-
Titel des Objekts
-
Abbildung einer Porträtkarte von Valérien Saint-Cӱr
-
Beschreibung des Objekts
-
Schwarz-Weiß-Fotografie einer Porträtkarte, auf der eine Person vor einem neutralen Hintergrund zu sehen ist. Die Person trägt ein Spitzenkleid und einen Schleier vom selben Stoff, der am oberen Hinterkopf befestigt ist. Am Hals trägt sie Perlenschmuck. Die Person ist vom Kopf bis zur Brust zu sehen. Die Aufnahme erfolgte frontal, der Kopf ist nach rechts gedreht, der Blick geradeaus gerichtet. Im unteren Bereich der Karte ist handschriftlich eine Widmung vermerkt: „Meinem hochherzigen Freund, [Vermerk in der linken unteren Ecke nicht lesbar] [rechts daneben] Valérian“.
Kontext:
Bei der abgebildeten Person handelt es sich um Valérien Saint-Cӱr (auch Valerien Saint-Cyr, der als „Damenimitator“ und „Internationaler Soubretten-Darsteller“ zu Anfang des 20. Jahrhunderts auftrat. Er ist wahrscheinlich im Österreich-Ungarischen Raum anzusiedeln. Ein Auftritt im Mai 1902 im Orpheum in Czernowitz wurde freundlich besprochen: „In Herrn Saint Cyr sahen wir einen großartigen Damenimitator dessen Leistungen das Publikum trefflich unterhielten“ (Bukowinaer Rundschau, 21. Jg., 6.5.1902, Nr. 3902). Der Maler und Modezeichner Wulf Konrad Schwerdtfeger (1874–1932) fertige für Saint-Cӱr Entwürfe für Auftrittskostüme.

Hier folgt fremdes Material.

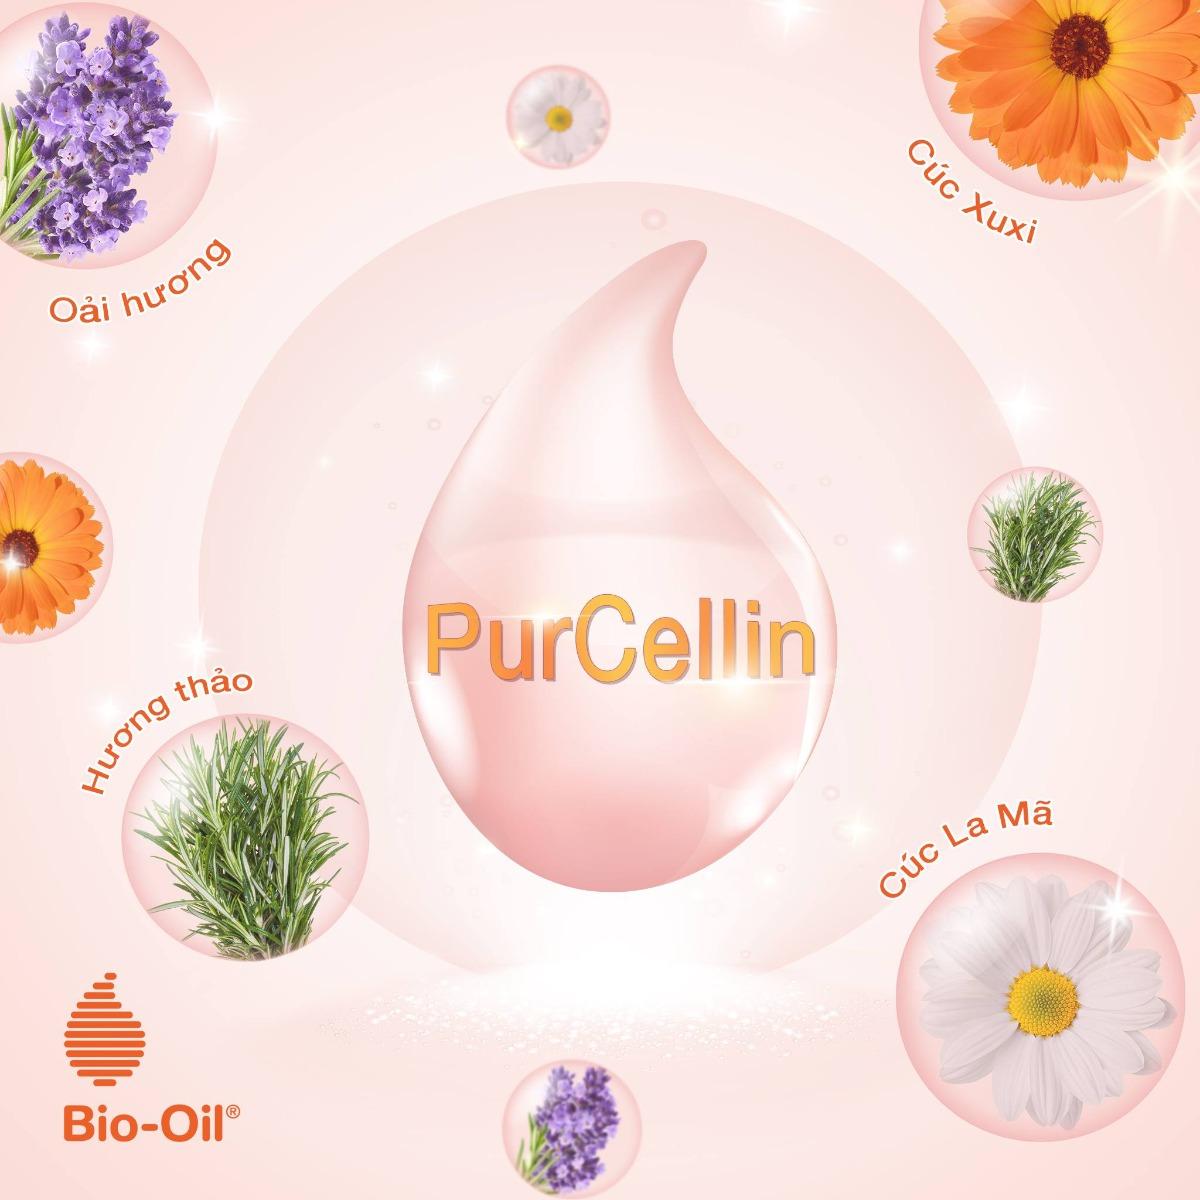 thanh phan bio oil

Der Sexualwissenschaftler und Sexualreformer Magnus Hirschfeld publizierte das Bild in seinem Werk „Geschlechtsübergänge“ in der Rubrik „Gynandromorphie, Gynoglottie“. Hierunter fielen in der Systematik Hirschfelds Männer, die aufgrund ihres Habitus, ihrer Physiognomie und Körperbaus als feminin gelesen wurden und, so Hirschfeld, oftmals eine hohe Stimmlage hatten.
Zu dem hier abgebildeten Foto schrieb Hirschfeld: „Wer sich nur ein wenig auf Physiognomik versteht, wird zugeben müssen, daß der Augen- und Gesichtsausdruck, die Haltung, wie sie hier hervortritt, kein Vollmann artifiziell erzeugen kann, daß Chik, Grazie und Charme in solcher Weise nur von Personen herrühren kann, die wirklich innerlich feminines Empfinden besitzen.“ (Hirschfeld, Magnus (1913): Geschlechtsübergänge. Mischungen männlicher und weiblicher Geschlechtscharaktere (Sexuelle Zwischenstufen), Max Spohr, Text vor Tafel XXV).
Der Begriff „Vollmann“ kann im Kontext der sog. „Zwischenstufen“ gelesen werden. Sehr verkürzt gesagt, beschreibt das Konzept der Zwischenstufen die Tatsache, dass jedes Individuum sowohl „männlich“ als auch „weiblich“ ausgeprägte Eigenschaften vereint, die einen oder mehrere der vier Bereiche betreffen können: 1. die Geschlechtsorgane, 2. sonstige körperliche Eigenschaften, 3. den Geschlechtstrieb und/oder 4. sonstige seelische Eigenschaften.
Mit dieser Theorie öffnete Hirschfeld bereits 1907 das gängige Konzept des biologisch-genitalen Geschlechts für Aspekte, die u.a. auf der erlebten Identität der Individuen beruhten.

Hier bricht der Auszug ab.